Six Lessons Microschools Can Learn from the Charter Sector

Excitement over the new school model elicits memories of charters in their prime and a chance to reflect on what they got right and wrong
Teacher Apryl Shackelford reviews letter sounds with a group of K–2 students at a Primer microschool in the Liberty City neighborhood of Miami last year. Primer is one of many new microschool networks in the country.

An old maxim says, “The main thing we learn from history is that we don’t learn much from history.” Perhaps appropriately, few agree on the origin of that statement. Some say it’s from Hegel, others George Bernard Shaw, others Aldous Huxley.

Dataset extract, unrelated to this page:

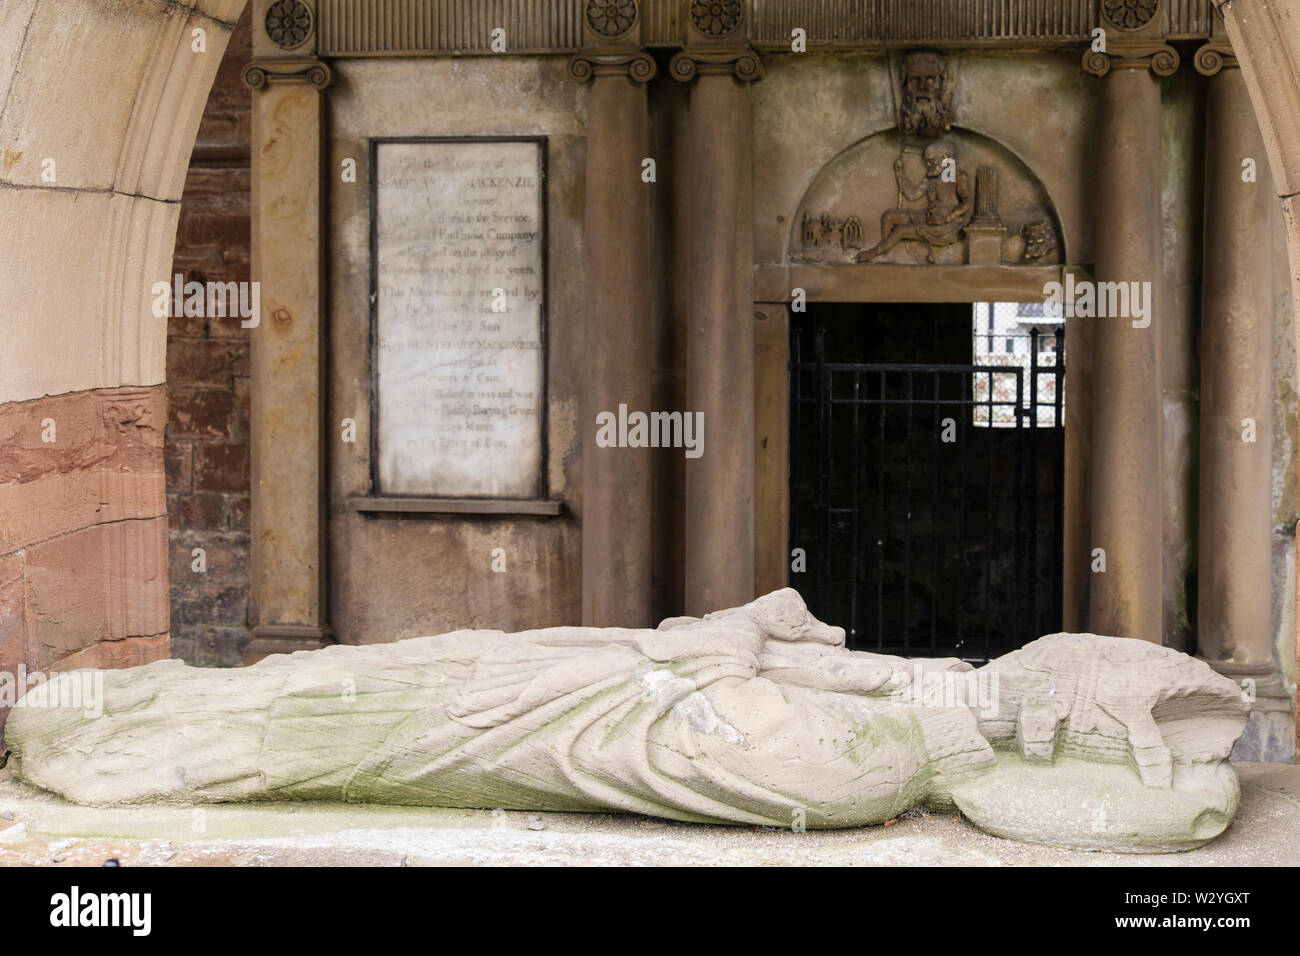 La tumba de la Condesa Euphemia de Ross en la Catedral del siglo xiii ruinas. Fortrose, Black Isle, Ross y Cromarty, Highland, Escocia, Reino Unido, Gran Bretaña Foto de stock

Education innovators are particularly susceptible to this pitfall. With so many new people entering the school start-up fray in the wake of massive expansions of school choice programs, education entrepreneurs risk stumbling into the same briar patches that have ensnared others before them, when an understanding of history might help them stay on course.

Probably no sector in education today is attracting more new people than microschooling. Microschools are small learning environments where children from multiple families learn together. They can be public, private, or charter schools or a pooled opportunity for homeschooled students. This form of schooling, at once innovative and as old as the one-room schoolhouse, had a negligible presence in American education as recently as a decade ago. Today, the RAND Corporation estimates between 750,000 and 2.1 million students currently attend a microschool.

The last sector to grow so much, so fast, started more than 30 years ago: charter schooling. After Minnesota passed the nation’s first charter school law in 1991, the concept quickly caught on nationwide, with the sector growing to more than 1.8 million students by 2010 and 3.7 million by 2021.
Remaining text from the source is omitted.